If you aren’t familiar with her or her work, Dr. Sims is a name to know. She has done groundbreaking research into women’s physiology, and especially the physiology of women athletes. When Sims is talking about fitness, she's referring not just to physical activity, but all components of wellness, including nutrition, sleep, and supplementation. Because fitness isn't just about working out.
Sims, with co-author Selene Yeager, wrote the seminal book ROAR, which dedicates a chapter to menopause. The demand for more information pertaining to aging women athletes was so great, the duo is writing a book totally dedicated to menopausal years, and it’s due to be out sometime in 2021.
It’s also worth noting that Yeager hosts an outstanding podcast for menopausal athletes called “Hit Play, Not Pause.” Each episode features insightful and informative interviews with experts in the field.
Exercising Is Great, Lifting Heavy Is Better
There are two very distinctive realities about aging as a woman: you lose muscle mass and thereby strength, and you experience bone density loss and are thereby at risk of breaking bones.
Both of these concerns can be mitigated with weight lifting. Ironically, many women are encouraged to take on more low-intensity endurance activities as we age. While that's excellent for health, intensity in the form of short bursts of vigorous exercise and moving big weights have their own unique benefits and they're critical to good health.
I again turn to the deep wisdom of Dr. Sims because this is something she preaches all the time (a refrain she’s known for is “lift heavy sh%t). In an article for Outside written by Yeager, Sims is quoted as saying: “Our bodies need additional exercise stress to make up for the muscle-making stimulus our hormones, like estrogen, used to provide . . . That means not lifting light weights for 20 reps, but rather lifting heavy weights in the low three to six repetition range to really build that lean mass and maintain muscle integrity.”
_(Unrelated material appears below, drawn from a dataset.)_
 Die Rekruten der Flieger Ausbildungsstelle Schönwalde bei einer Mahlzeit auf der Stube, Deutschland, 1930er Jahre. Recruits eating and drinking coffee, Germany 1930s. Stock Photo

Sims is not alone with this guidance. For instance, a Dr. Warren Willey, in a short but useful article for the Idaho State Journal called “Weight Lifting Benefits Peri-Menopausal Women” stated: “When a woman enters the peri-menopausal state, natural testosterone production can decrease by over 50 percent. Strength training or weight lifting has been shown both to increase testosterone production and decrease several of the symptoms related to this pre-menopausal state.”
If you're looking to get started on a strength and intensity program, it's a great time to start working with a personal trainer. Because there’s also the fact that, if you don’t know how to lift heavy sh%t safely, you can hurt yourself. It’s also really helpful to know what exercises to do, how often, the number of reps and sets, with what amount of weight, and so on. Knowledgeable guidance takes out the guesswork and increases the opportunity to get the greatest benefits.
The Boost of Being Fit
One less measurable but still important and powerful impact of maintaining fitness as you age is the fact that being fit simply helps you feel better. At a time when you can start feeling chaotic and a bit out of control, consistently attending to your fitness is something you can continue to control. Working out may feel and look different than it did 20 years ago, but it remains an area of wellness that you have the ability to improve or maintain.
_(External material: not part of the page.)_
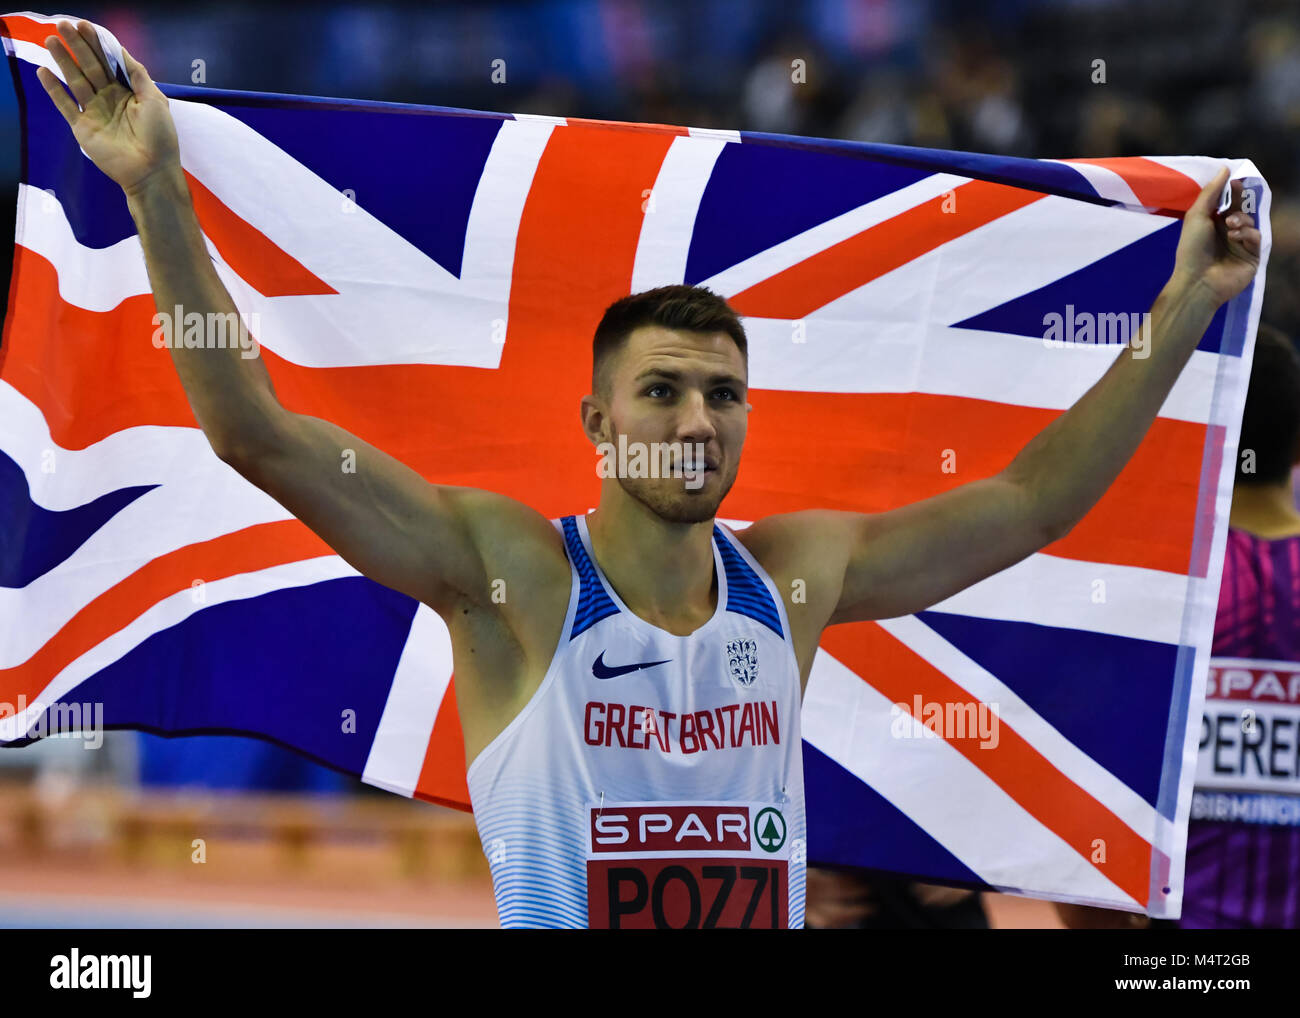 Andrew Pozzi ganó el hombre de 60 metros vallas durante la final de los campeonatos de atletismo británico SPAR interiores 2018 en el Arena de Birmingham, el sábado 17 de febrero de 2018. BIRMINGHAM, Inglaterra. Crédito: G Taka Taka Crédito: Wu Wu/Alamy Live News Foto de stock

Beyond the physical upsides of fitness, there are of course the mental and emotional benefits. Exercise lifts our mood. It reenergizes us. Fitness also generally makes us feel more self-confident. When you feel capable and strong in your body, that carries over into the rest of life.
Wellness For Life
Aging and the changes of menopause can get a really bad rap. Looking ahead to your older years can spark dread and fear, and it just shouldn’t. Knowing what to expect and how to adapt are really important. And one huge gift you can give yourself is fitness.
It’s never too late to start or change your wellness routine because health is always a work in progress.